Sources : OsmoZ, Guerlain

7 commentaires

  1. Bravo pour cet article ! Enfin quelqu’un qui ose dire que la maison Guerlain prend un fâcheux tournant ! Je n’aimais déjà guère l’Instant, je trouve Insolence ( oui d’une certaine manière s’en est une ! ) encore plus déplorable ! Où est le raffinement d’antan ? On ne peut pas longtemps tromper un nez ! Ces deux derniers Guerlain n’en sont justement pas !
    La politique marketing du parfum de ces dernières années est tout à fait catastrophique et pas seulement pour Guerlain malheureusement !
    Ce qui fait que nos années 2000 restent d’une pauvreté olfactive décourageante comparées à tout le 20ème siècle en parfumerie ! où sont les merveilleuses créations d’avant guerre, puis les sublimes compositions des années 50 et du new look, les exceptionnelles fragrances des années 70 où régnait une réelle créativité ( J’ai osé, Empreinte, 7ème sens..)! Quel souvenir olfactif laisseront nous ? Des odeurs basiques et reconnaissables ! On sent la pomme , la fraise, la banane ou la violette ! C’est lamentable ! On cherche aussi à rendre le nez paresseux ! Plus aucun parfum un peu complexe ne pourra être apprécié si l’on continue ainsi avec toutes ces odeurs clinquantes et faciles au fond un peu quand même style” Star académie” ! Est-ce donc cela notre air du temps ? Si oui, il est assez irrespirable !

    ***Pavlova***

  2. Je suis d’accord avec l’article et le premier commentaire. Je pense de plus qu’on ne peut pas ne pas parler du flacon qui est vraiment réussi. J’ai d’ailleurs croisé des femmes qui l’ont acheté pour ca, et qui maintenant serrent un peu les temps pour supporter le parfum qui peut être très insupportable.

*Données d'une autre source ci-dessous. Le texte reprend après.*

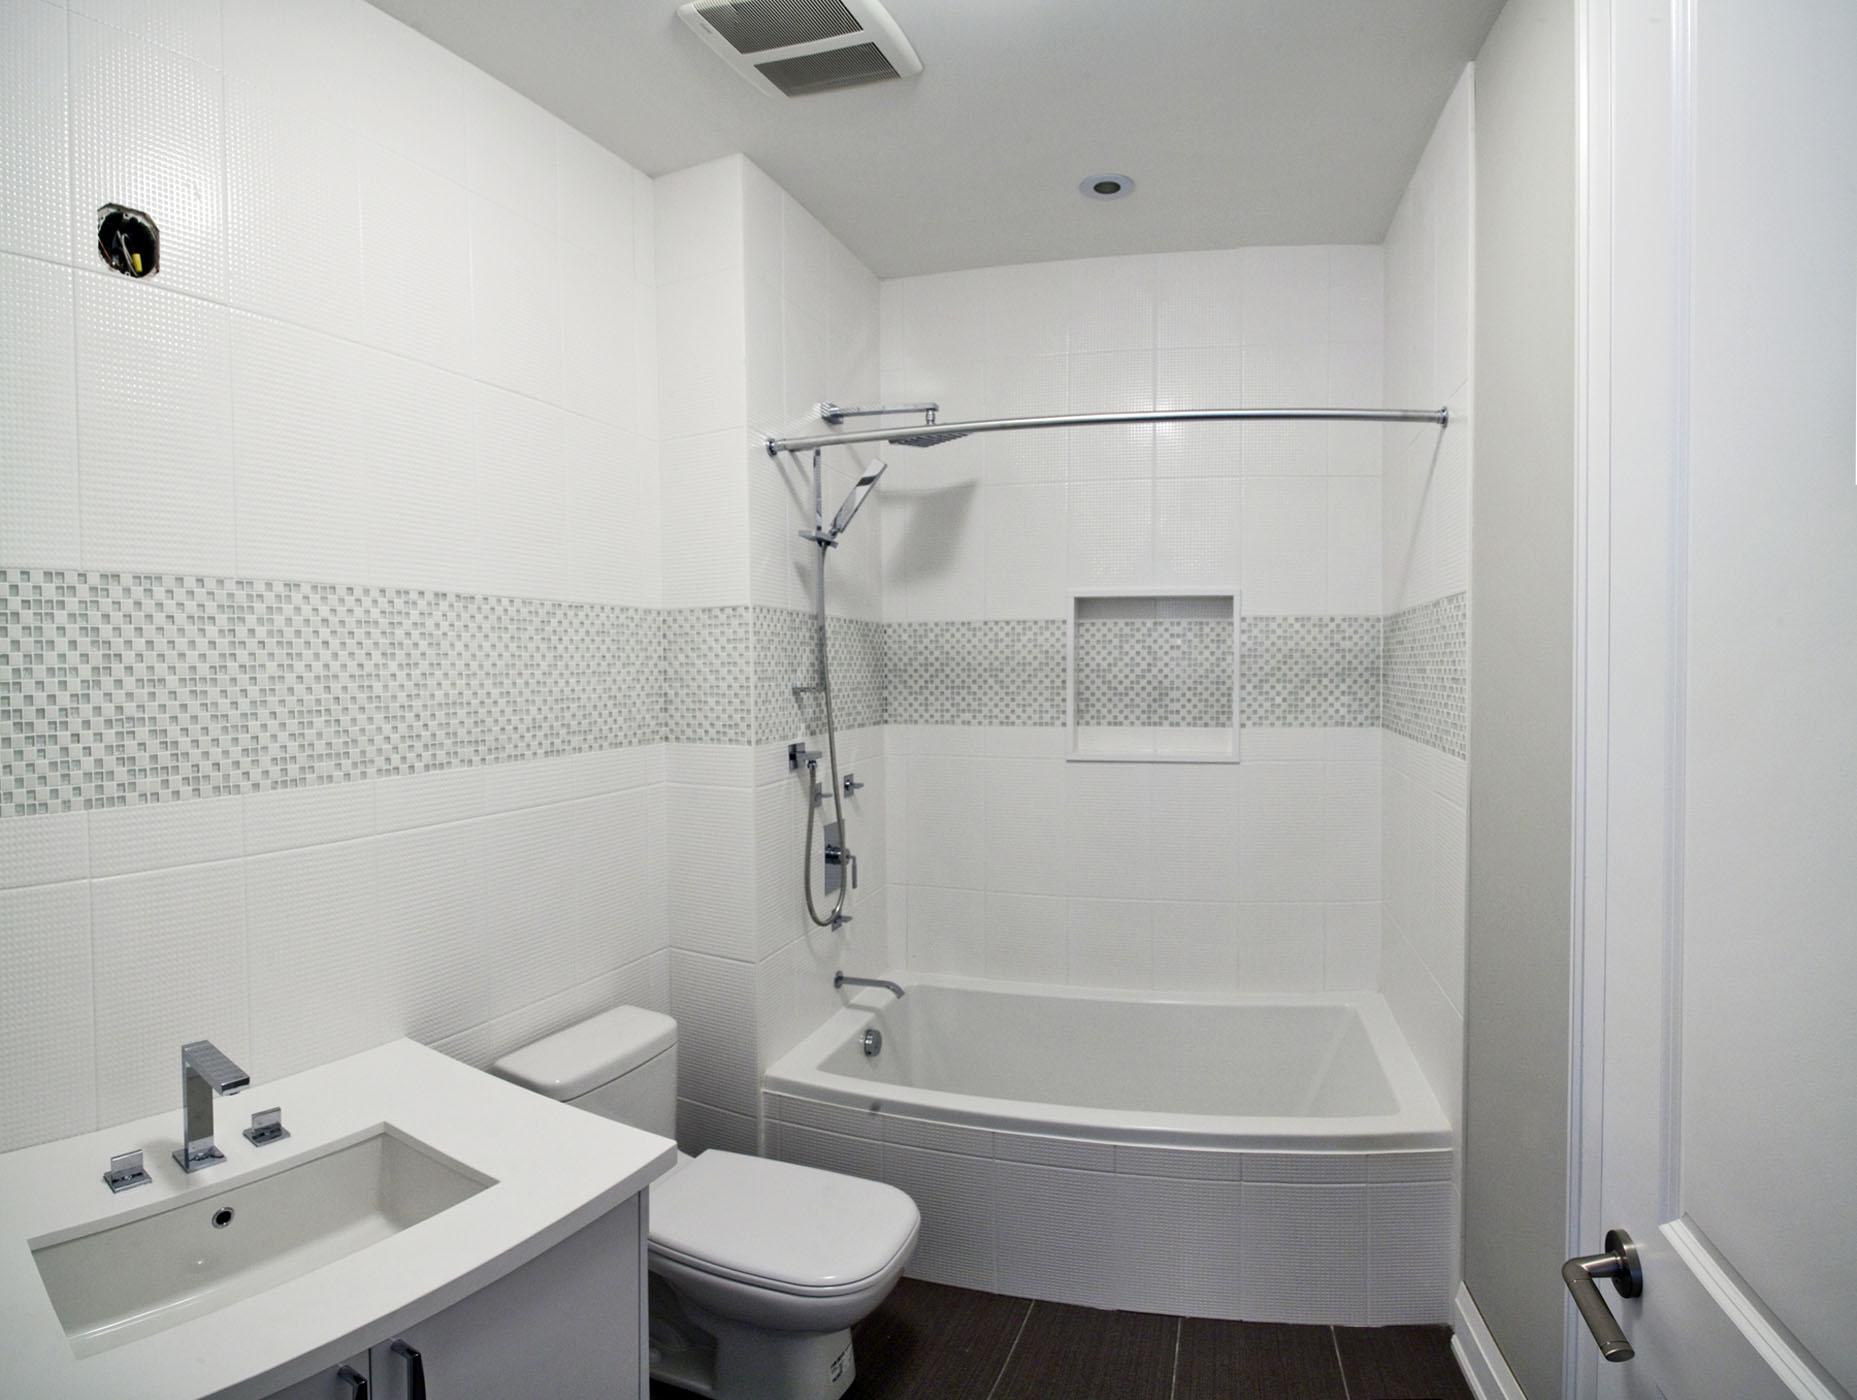 Copy of Bathrm21.jpg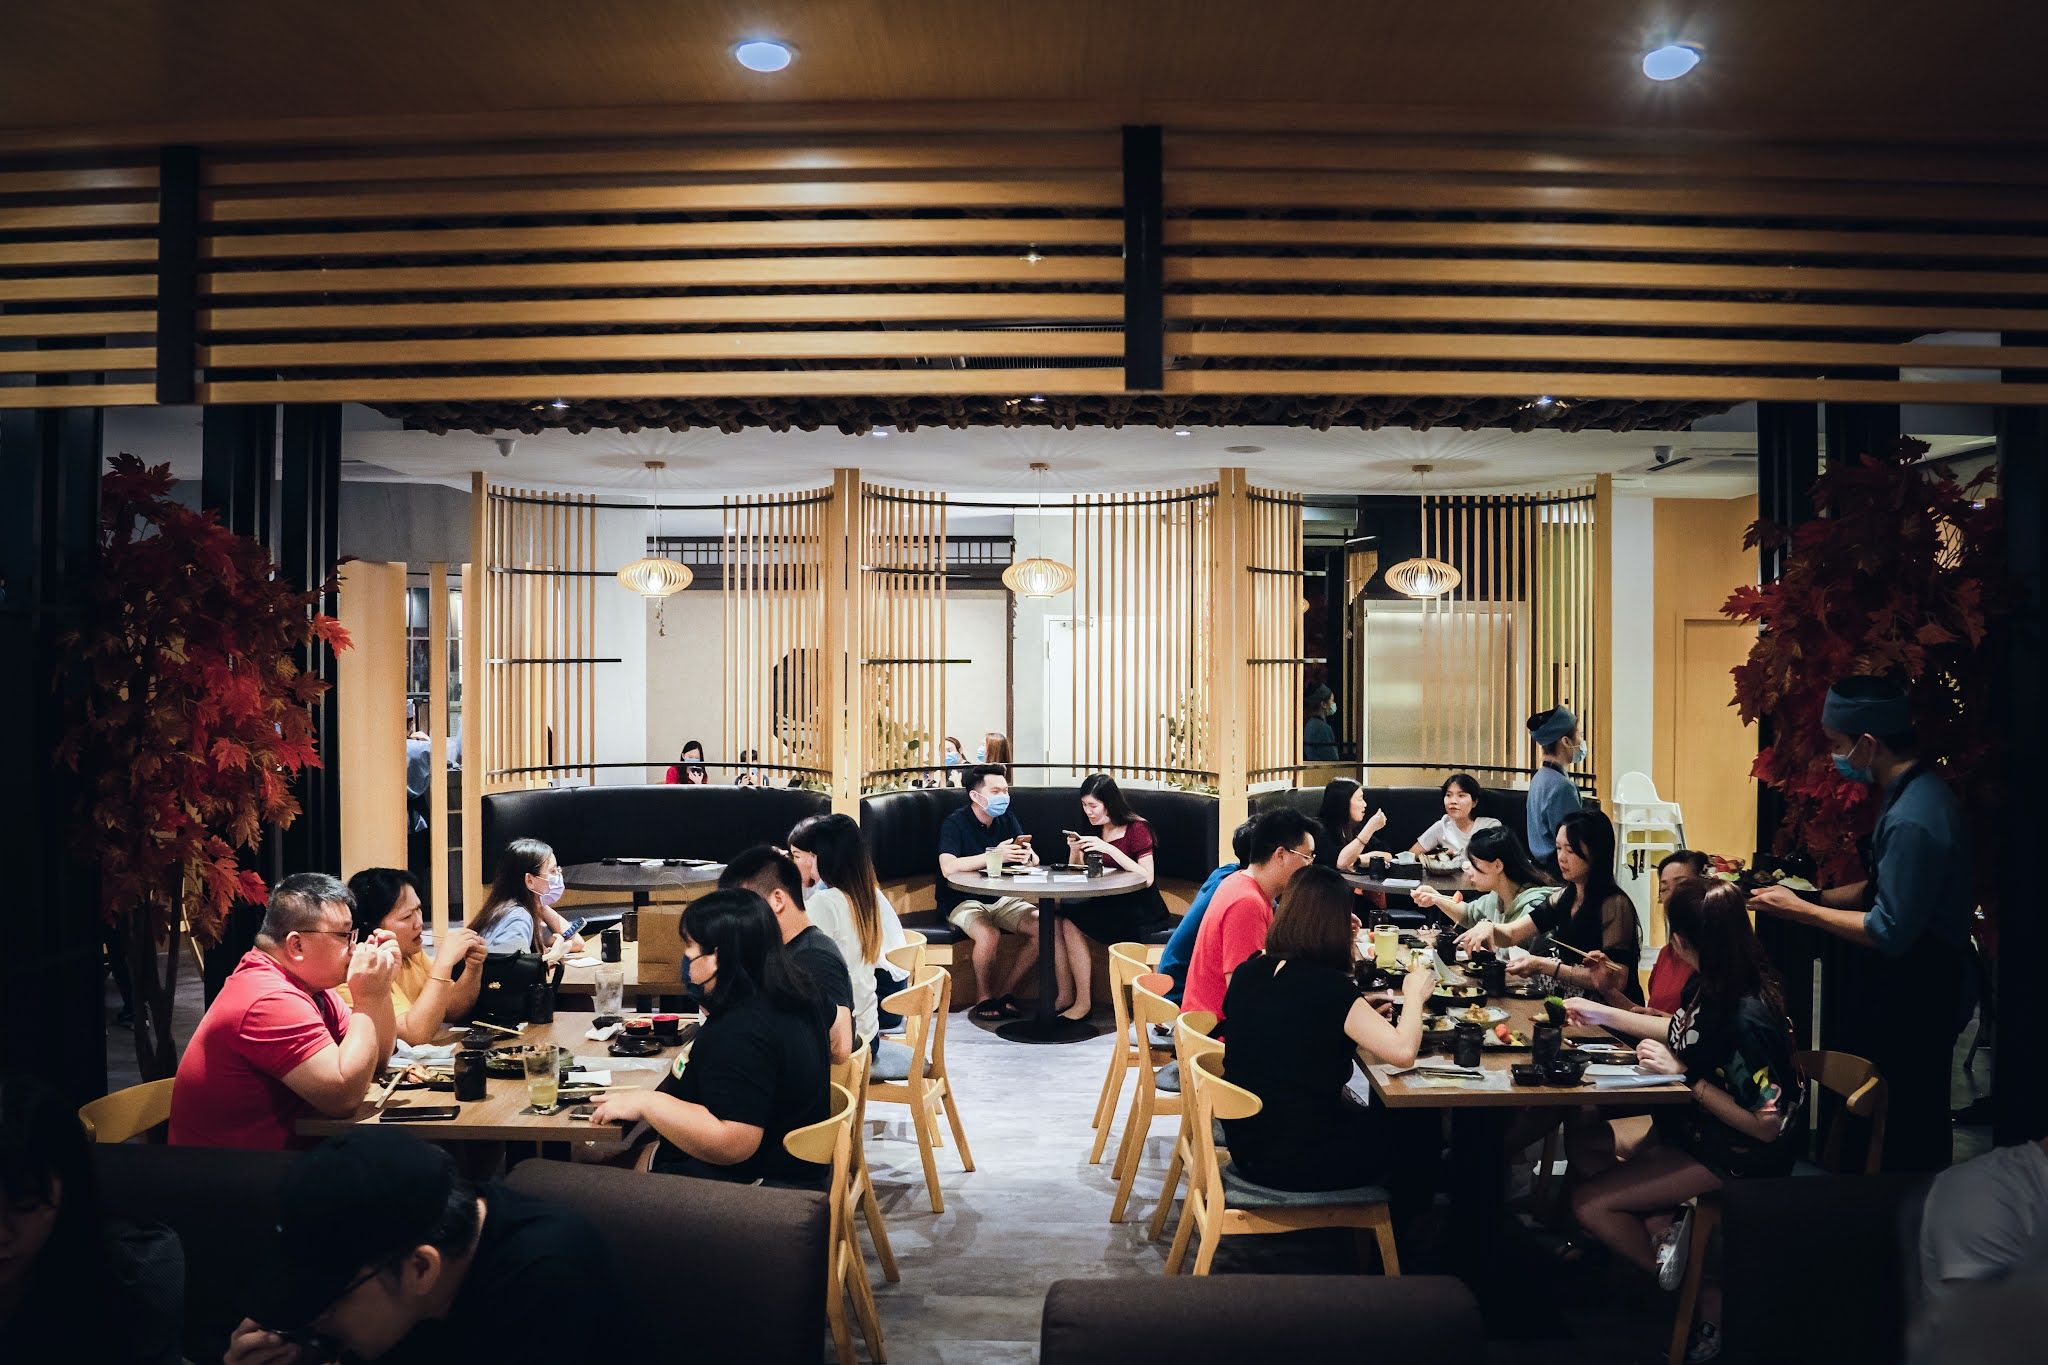 juugatsu ten: sri petaling's sleekest japanese restaurant welcomes diners back for donburi & more

  3. maintenant accessible en edition classique, je n’ai pas toutn à fait saisi ce point précis. à part cela, bilet très intéressant, comme souvet ! merci et continue !

  4. “insolence” est à Guerlain ce que ut ‘Trésor” pour Lancôme. Un produit “cash machine”.
    un article sur abc-luxe ou fashionmag, du début de l’année 2008 exposait la proportion du prix relatives à la fabrication/packaging et la part distribution. Désolant d’apprendre que 10 à 15% du prix correspond au jus.

    Enfin la création des séries limitées/collector, savoir faire “artisanal” et matières premières de très grande qualité est la réponse à l’expansion des gammes vers le bas. Le mauvais produit jusitifie l’existence du produit extra-ordinaire. Les prix s’envolent (185€ le premier prix des séries limitées!!), le marché est tenu dans tous ses segments et micro-niches. quand la “finance”
    s’occupe du Commerce…..

    Pour ma part, je reste accro à “Mitsouko” sans regret 😉

  5. quel snobisme dans ces commentaires, c’est MON parfum, j’étais depuis trente ans adepte de l’heure bleue et Insolence l’a définitivement remplacé. A lire les articles, on croirait que Guerlain va terminer dans les boutiques Y Rocher ! N’importe quoi !
    On continuera a être empesté de Mitsouko ou de jardin de bagatelle, de Shalimar ( c’est l’hiver et l’époque des vieilles dames qui ressortent leurs vielles fourrures et leur vieux flacon de Shalimar , pouah ) dans les transports en commun …
    Mesdames, un peu plus de modestie !

    1. Je suis d’accord avec vous.
      Mon parfum c’est l’heure bleue depuis longtemps, entre autres, et je porte Insolence qui est complètement addictif et joyeux. Moins lunaire, moins intimiste, moins mélancolique aussi… Il me donne la pêche le matin pour affronter la journée. Ses notes “crissent” un peu parfois et il dérange aussi parfois… Il porte bien son nom !

  6. Ma première impression à la sortie d’Insolence a été la même que les votres. Il faut admettre avec le recul que ce parfum est bien plus fidèle à la tradition Guerlain qu’il n’y paraît, surtout quand on prend le temps de redécouvrir Après l’Ondée, dont il est la réécriture modernisée. Il est difficile d’être objectif sur un parfum quand on n’aime pas son composant principal, dans le cas présent la violette, mais je suis pour la part tombée sous le charme de cette création de Maurice Roucel et pourtant j’ai porté et porte toujours l’Heure Bleue, Mitsouko et Shalimar. La tenue et le sillage sont quant à eux incomparables.